I. Introduction

Autism spectrum disorder (ASD) is a complicated neurodevelopmental condition that impairs the brain’s capacity to process information. Inabilities in social interaction and communication, which typically manifest as repetitive habits and restricted interests, are generally identified as ASD. Its estimated prevalence rate among children varies from 0.23% in India, 1.7% in the UK to 2.5% in the USA [1]. Compared to the conventional diagnosis tools [2], [3], brain imaging-based approaches are being explored as potential diagnostic technologies [4] to detect autism automatically and non-invasively, as well as to discover potential biomarkers underlying the ailment.
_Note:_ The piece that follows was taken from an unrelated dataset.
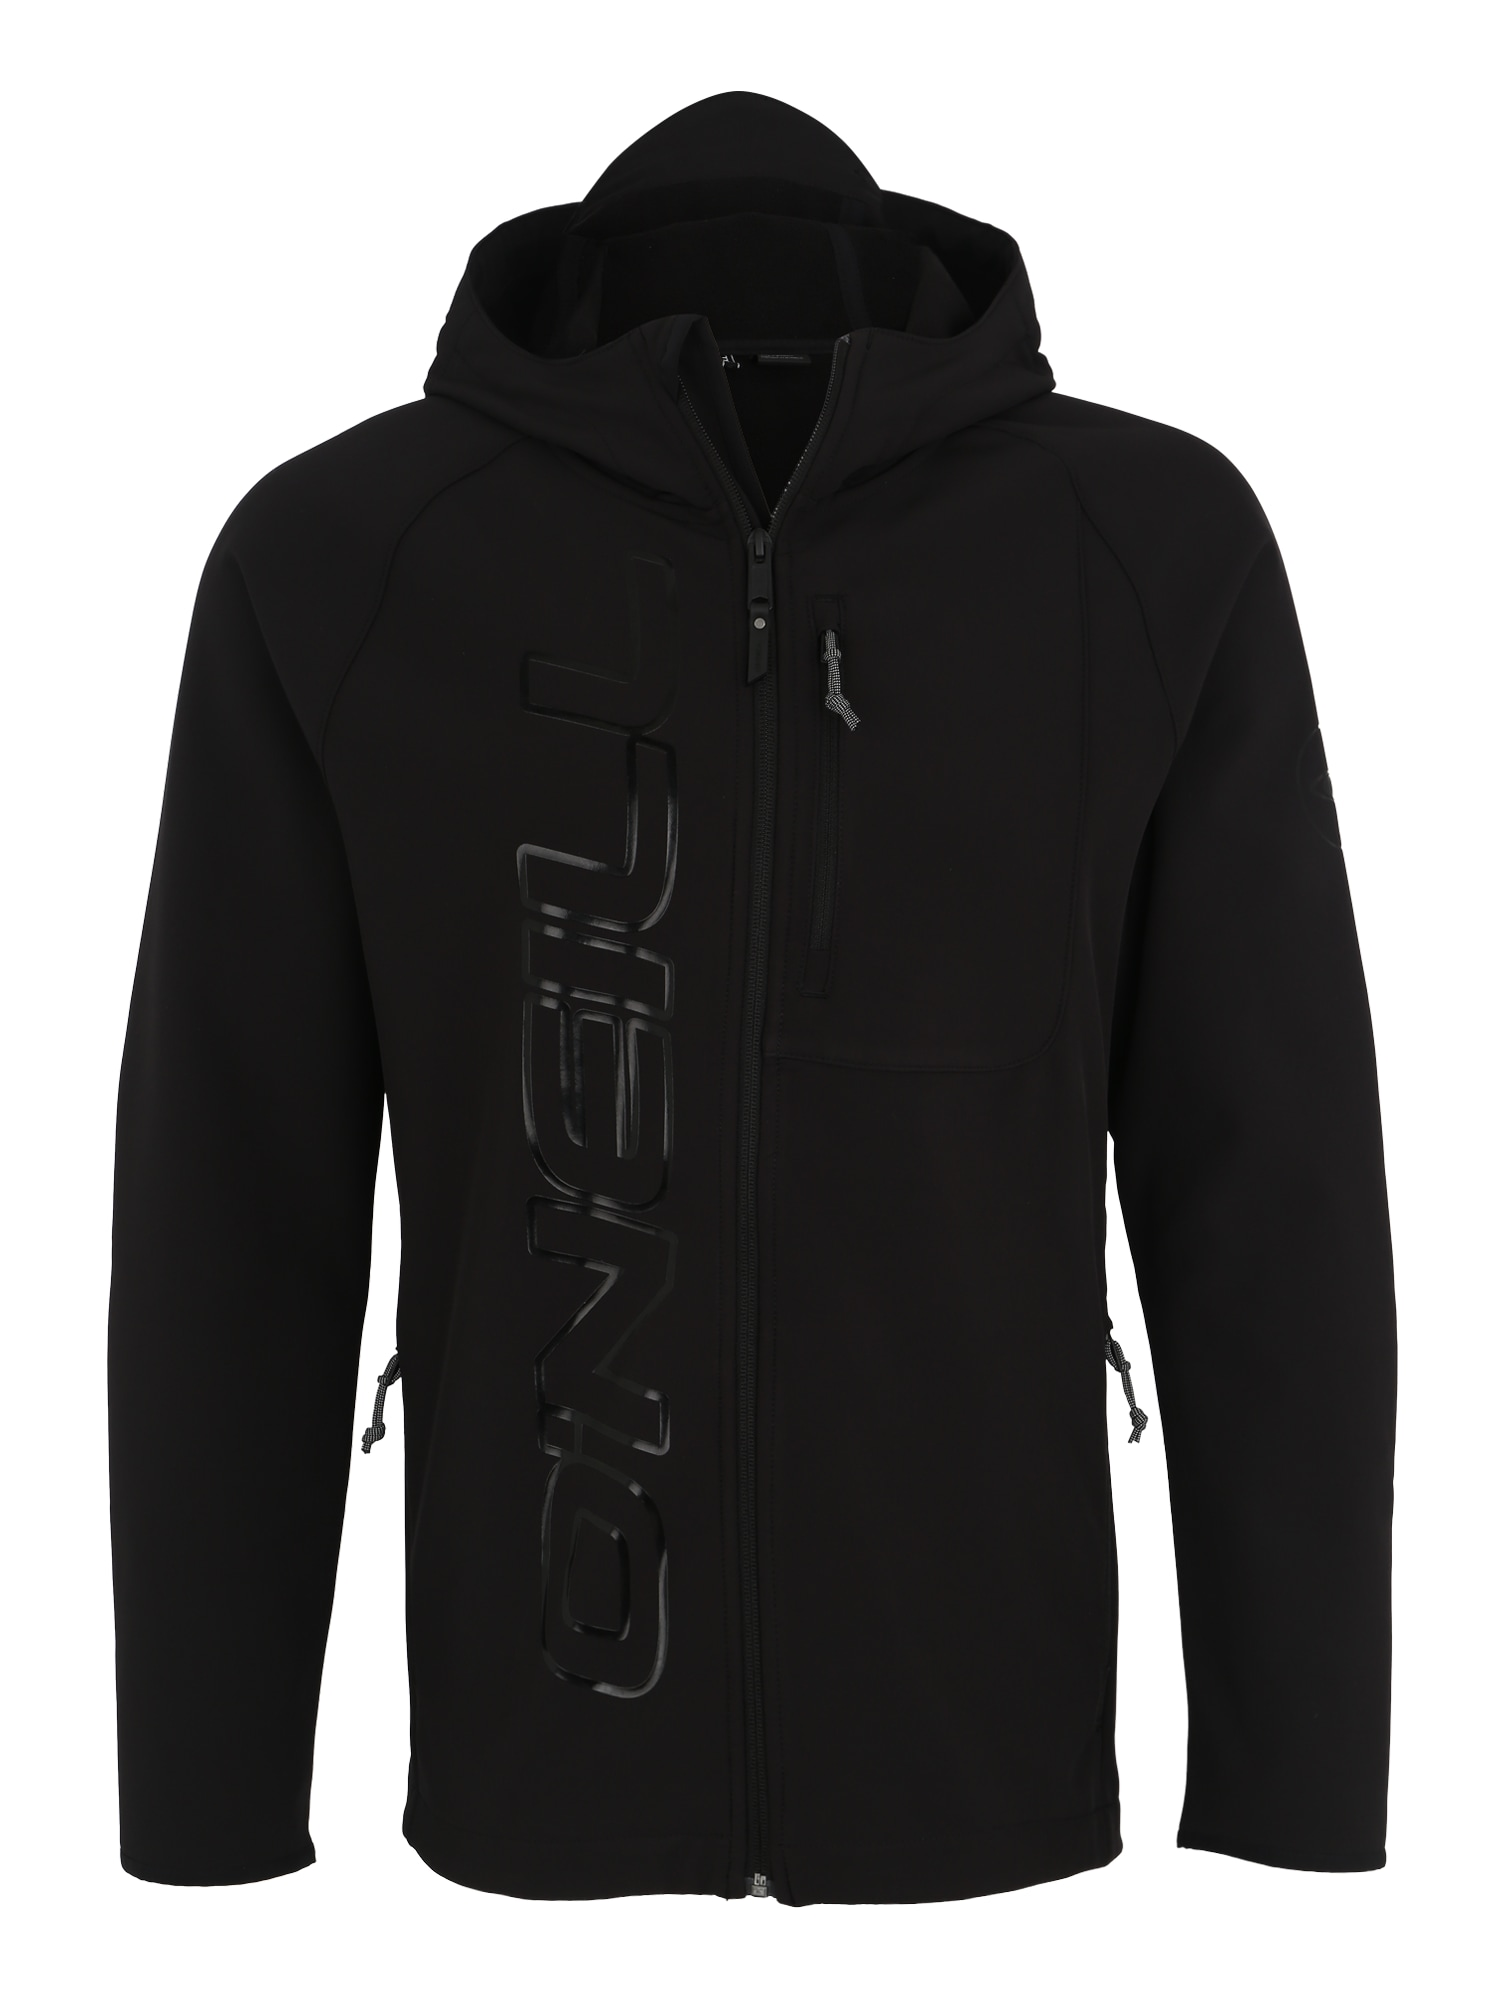 ONEILL Sportovní bunda Exile černá O'NEILL

For example, the spatial pattern of brain activity recorded by fMRI is shown to be a biomarker of ASD symptoms [5]. However, fMRI is difficult to record in young children [6]. Furthermore, its temporal resolution is poor (in the order of seconds), and it is an indirect measure of brain activity. On the other hand, electroencephalogram (EEG) and magnetoencephalogram (MEG) are direct indicators of neuronal activity, are noninvasive, and offer excellent temporal resolution (in the order of milliseconds). Therefore, they are more suitable to work with young children. In this study, we select MEG over EEG to identify early neural markers of autism in young children because (i) it is reference-free, (ii) has a better spatial resolution, and (iii) is more suitable for young children (e.g., less prep. time).